The technology choice has to take into account many different factors such as: speed of which you can deliver the solution, security, performance, scalability, maintainability, operations, costs and the team skill-set. Balancing all these factors is a essential part of modern software development. Although, there is a number of things to keep in mind when deploying microservices with API Gateway + JVM based Lambdas, our overall experience with these solution is very positive.

Part 1: Microservices with API Gateway + AWS Lambda.
#

AWS API Gateway is a great product, which provides a good deal of control and flexibility. For this reason we plan to use it in front of all microservices to leverage more serverless architecture ⁴. However there are a number of issues to take into account before applying this strategy.

First and most importantly, API Gateway doesn’t run within a VPC ⁵, so every endpoint is exposed to the public Internet. There are a number of ways to secure endpoints, including custom authorizers and client certificates ⁶, however it is something that needs to be kept in mind while designing APIs.
The second point to consider is latency. Because API Gateway exposes public APIs, it makes use of the AWS CDN CloudFront ⁷. Every request goes out through the customer’s VPC Internet Gateway, to some CloudFront endpoint, before making its way back to the calling service. Since we were unable to find published resources which quantify these latencies, we decided to measure them ourselves.

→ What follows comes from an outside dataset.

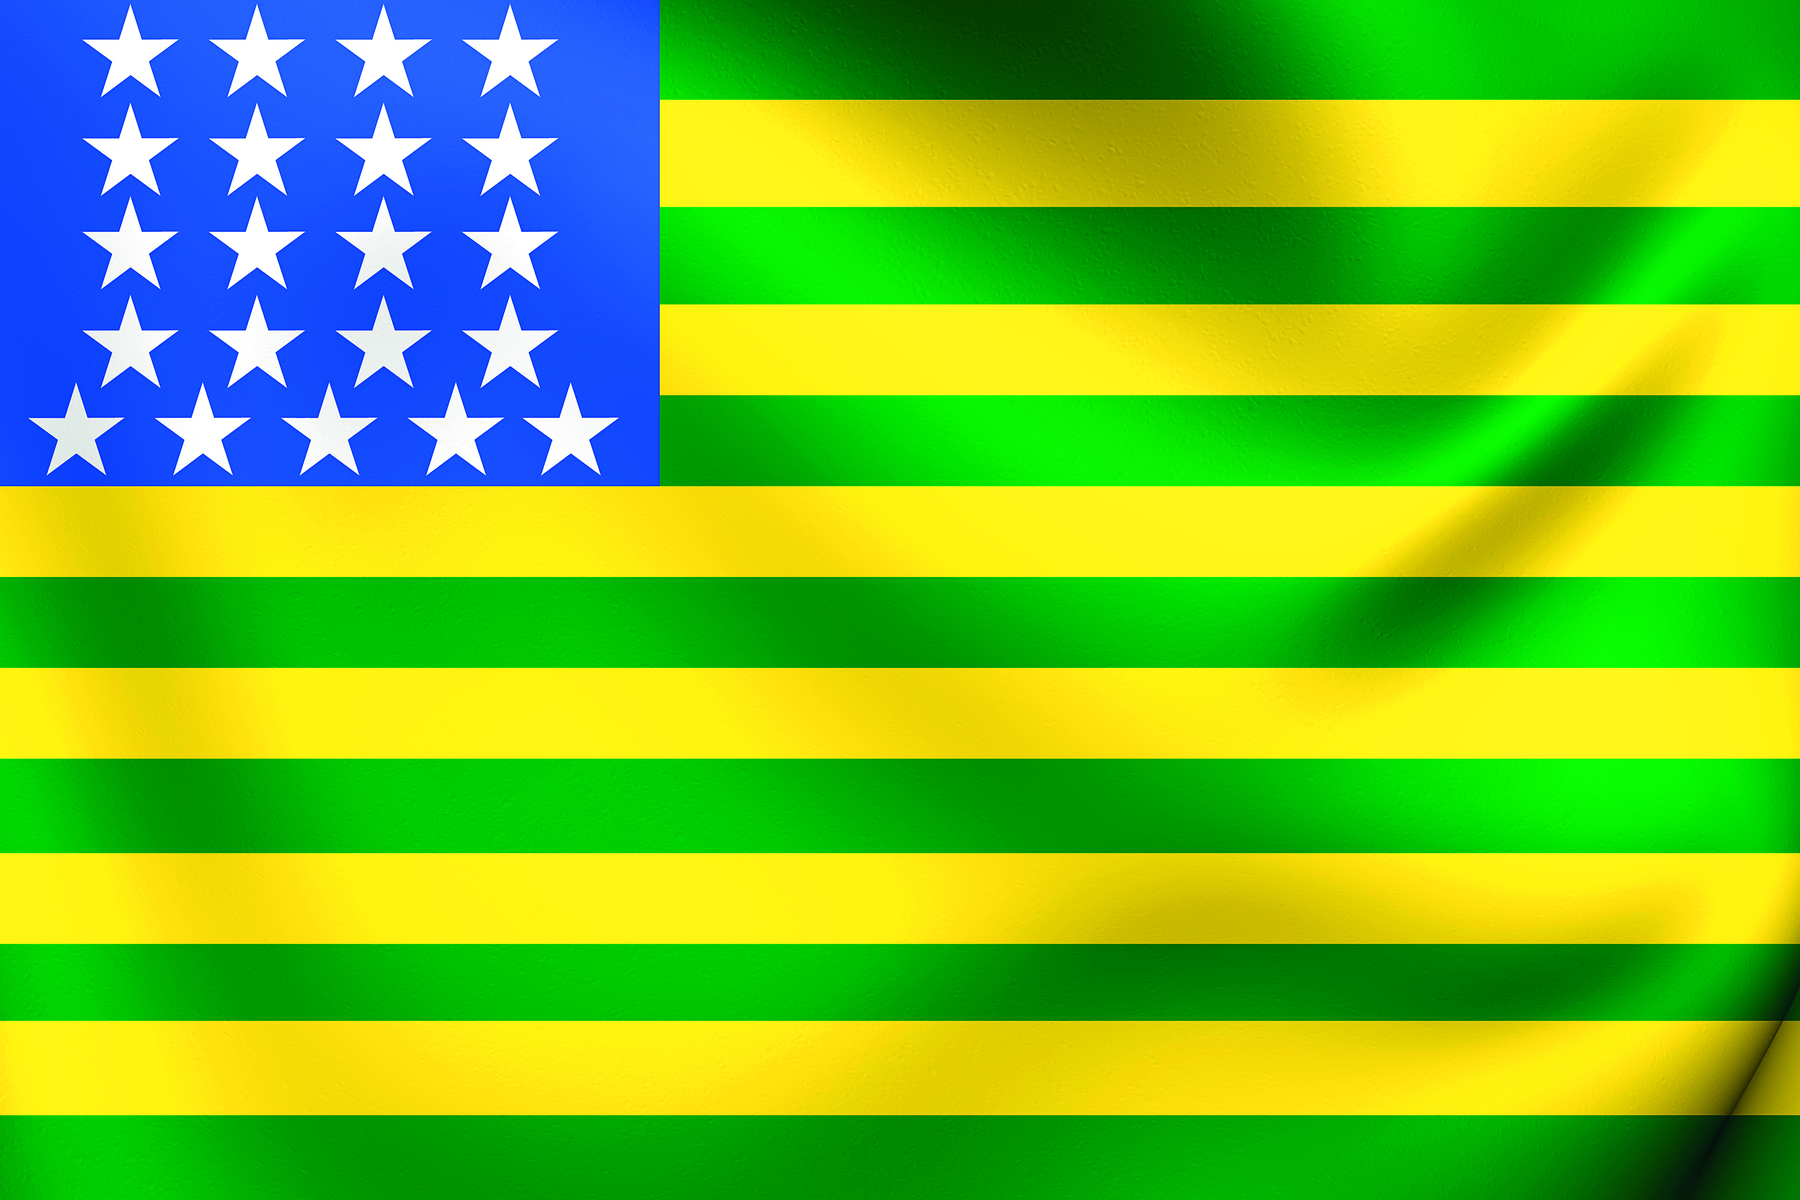 Ilustração. Bandeira retangular com listras finas verdes e amarelas intercaladas horizontalmente; são sete listras verdes e seis amarelas. No canto superior esquerdo um pequeno quadrado azul com vinte e uma estrelas brancas, com quatro linhas contendo quatro estrelas, e uma linha contendo cinco estrelas.

In this post when talking about latency we are referring to the request/response duration which includes network transfer and request processing time, unless otherwise specified.

The scenario.
#

The two questions we were keen to answer were:

What is the API Gateway latency distribution?
What is the API Gateway + Lambda latency distribution?

In other words, we wanted to understand how much latency is added per request if we use these two technologies for our services.

To answer the first question we created the following environment:

1 x m4.xlarge EC2 instance with a load test tool.
1 x m4.xlarge EC2 instance running NGINX, serving a single static JSON file.
Both instances were in the same region, same availability zone, same VPC, and same subnet.

The load test tool we used was Gatling ⁸. It is an Open Source fully asynchronous load generator. (When measuring latencies it is very important to use asynchronous load generators to avoid a common latency measurement mistake known as “Coordinated omission” ⁹).

Gatling simulates ramping up from 1 request per second to 100 request per second, measuring the latencies at every step. We already knew that API Gateway scales automatically to several thousands requests per second, so the objective of this test was not to see how far we could push it. Instead we wanted to measure the typical latency we can expect for the type of services we are targeting with this technology (which are low to medium traffic microservices).

Measuring latency via direct connection
#

Firstly, we measured latencies when the load test tool directly calls the APIs within the same VPC and AZ. This emulates the case when two services in the same VPC and AZ communicate directly. Here we can see the results:

Direct connection latencies over time (no API Gateway):

Direct connection latencies over throughput (no API Gateway):

Direct connection latency quantiles (no API Gateway):

As expected the latencies of a direct connection between two services in the same VPC / subnet are very low, and most importantly very stable. The median latency is sub-millisecond, with a very stable and low 99th percentile.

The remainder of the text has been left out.